J'en ai des tonnes dans mon cahier, sur mon ordi , des "sans titre" car je me sens honteuse de leur donner le nom d'articles.
D'ailleurs, même ici, ce qui me pose le plus de problèmes, ce sont les titres et les tags.
Parfois, j'ai l'impression de vouloir mettre en place un mode d'emploi de ma personne, afin de pouvoir le relire, et mieux arriver à me cerner, à me définir.
Si je laisse ma vie réelle (rien qu'à l'écrire le mot paraît dénué de sens) de côté, c'est plus une question de circonstances que de choix.
Je ne souhaite pas surfer sur la vague du mystère.
C'est juste qu'en ce moment il ne m'arrive rien.
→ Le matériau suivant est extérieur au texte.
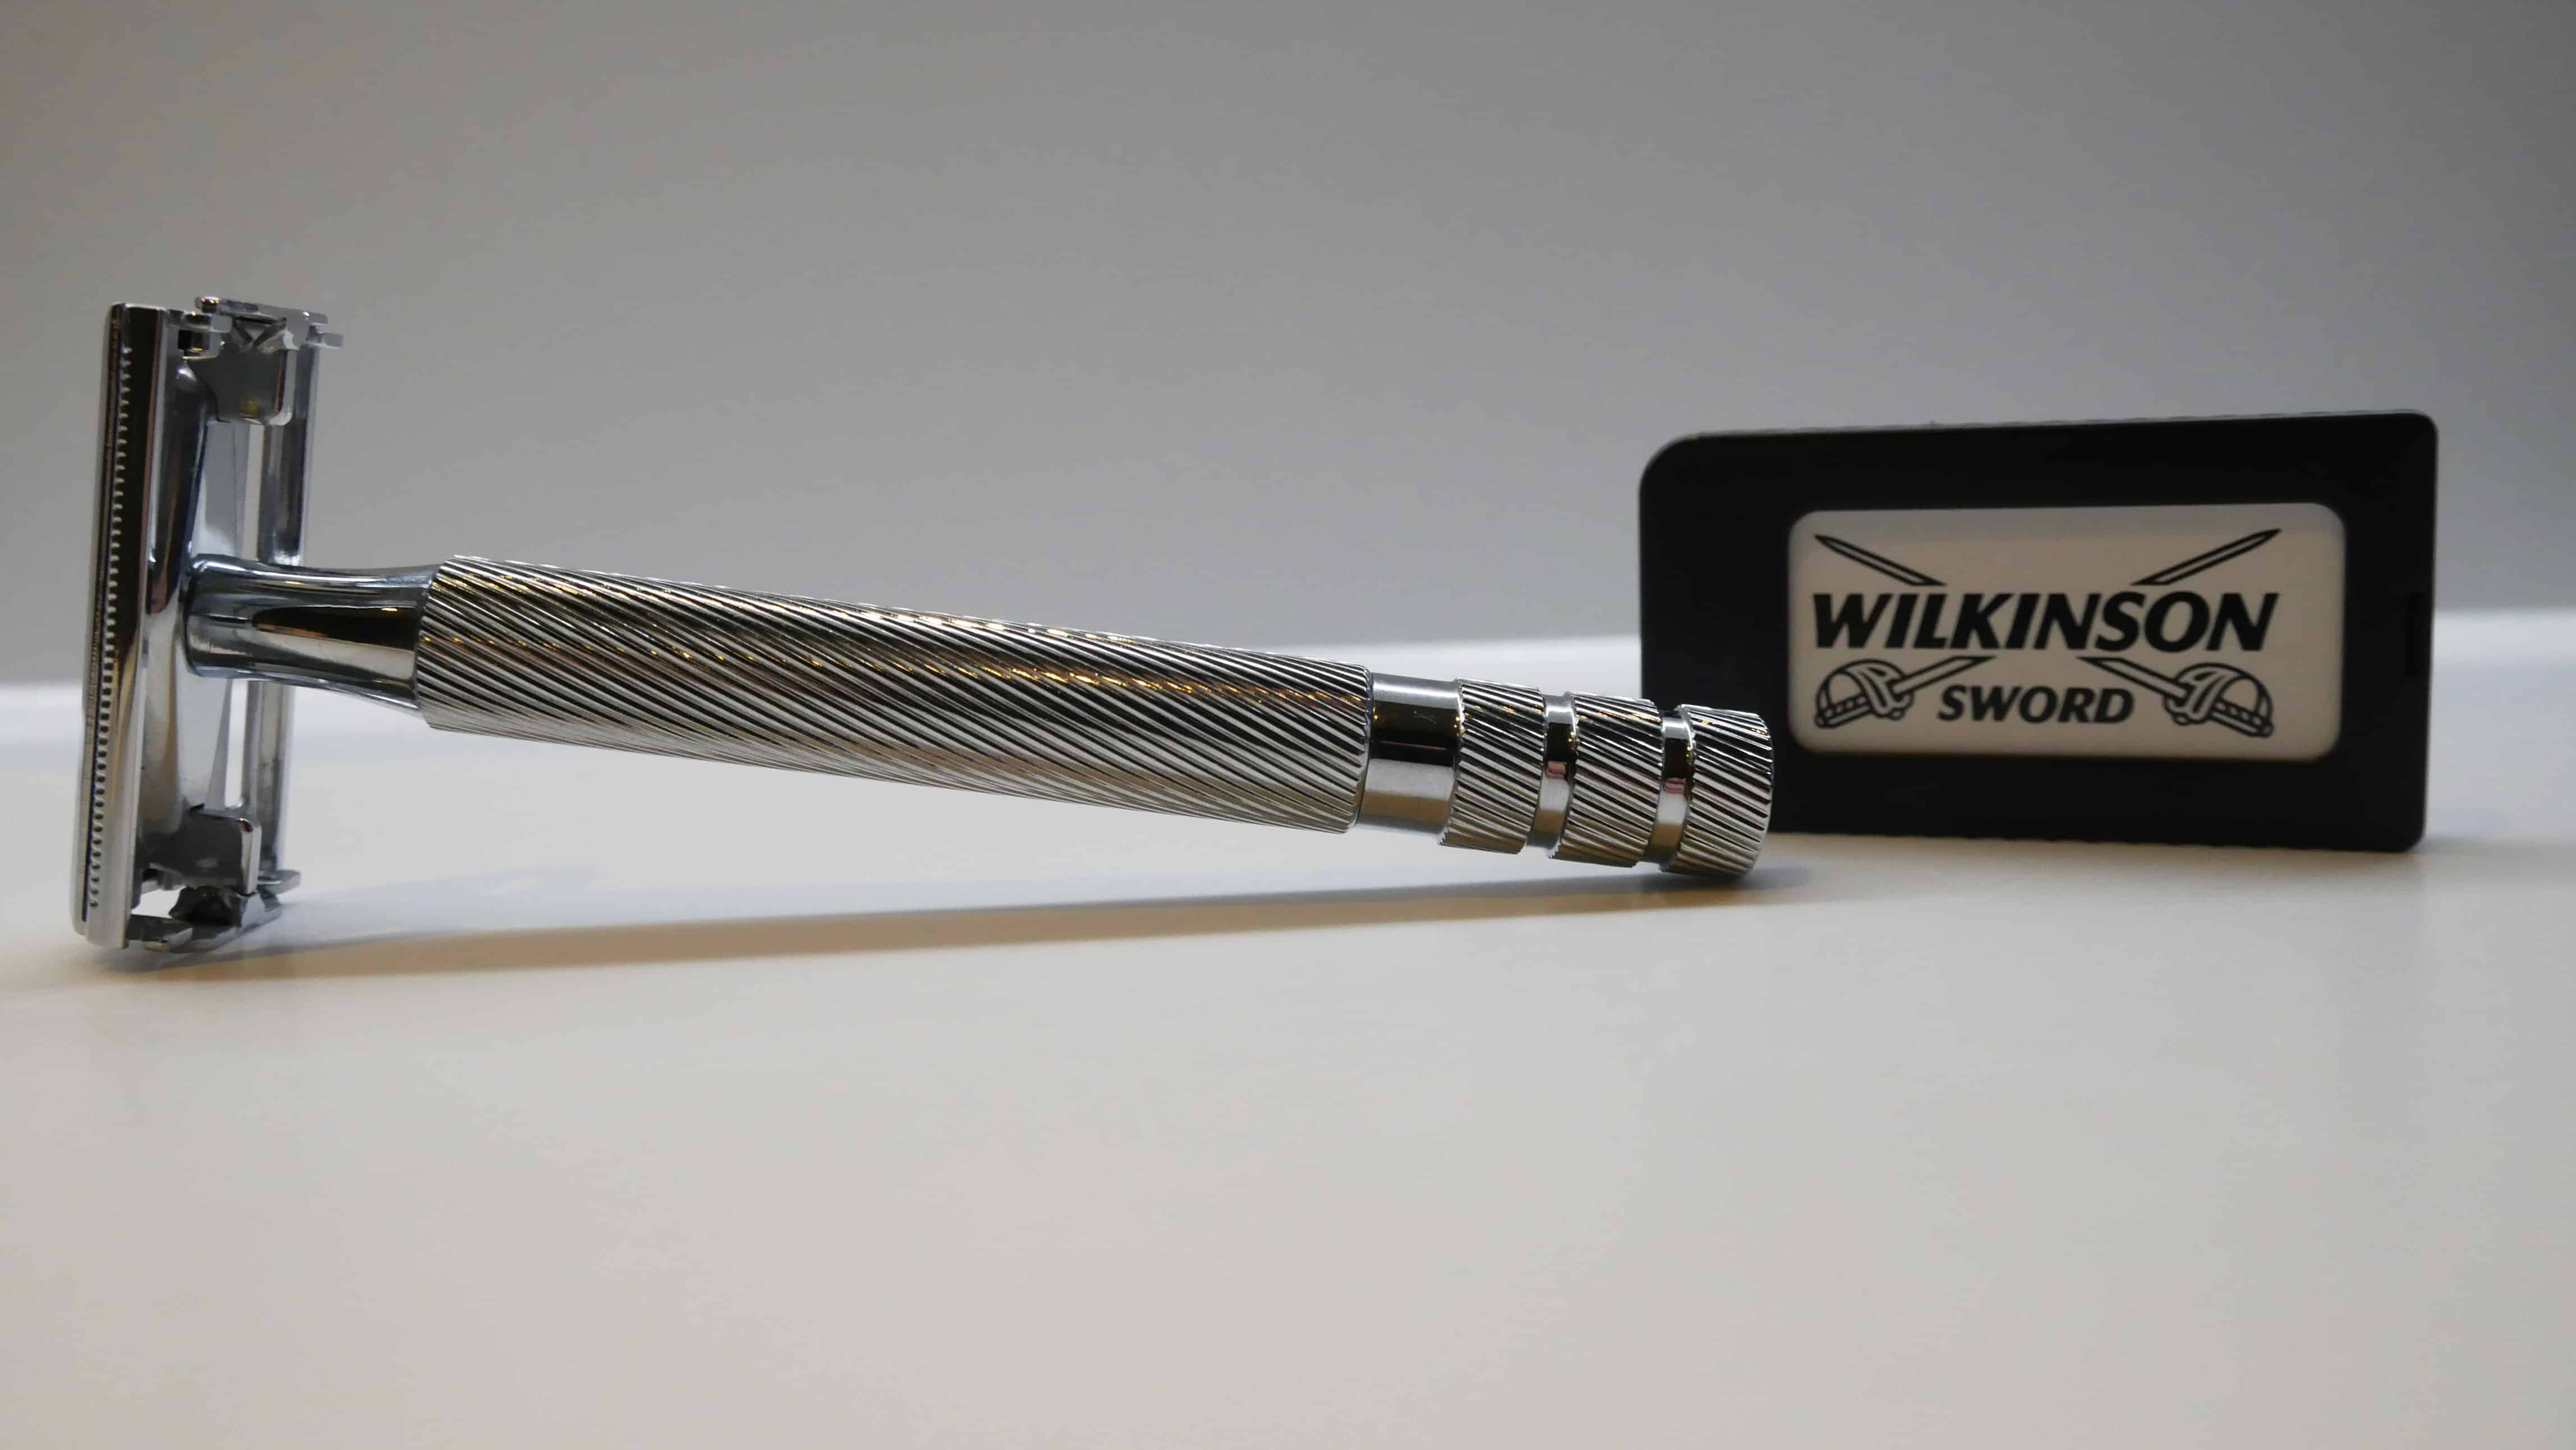 Wilkinson Sword Classic

Mais vraiment rien.
Ou bien tant de choses qui sont liées à mon passé, et je comprends peu à peu l'importance et l'urgence de s'en détacher.
Je suis épuisée à l'idée de me réfugier derrière, de trouver le pourquoi du comment de mes réactions, de revenir à la source.
Dans les faits, ça ne change rien, sans compter que ce n'est pas franchement rassurant de se sentir à ce point conditionnée et donc prisonnière.
Ce qui est paradoxal, c'est que j'ai à la fois l'impression de me diriger vers un moi plus vrai, plus conforme.
Arriver à oublier quelqu'un sans utiliser quelqu'un d'autre, arriver à refermer une porte sans creuser sur ce qui s'est passé, jusqu'à m'en rendre malade. Arriver enfin, à laisser quelqu'un sortir de ma vie sans ressentir ce sentiment étouffant d'abandon.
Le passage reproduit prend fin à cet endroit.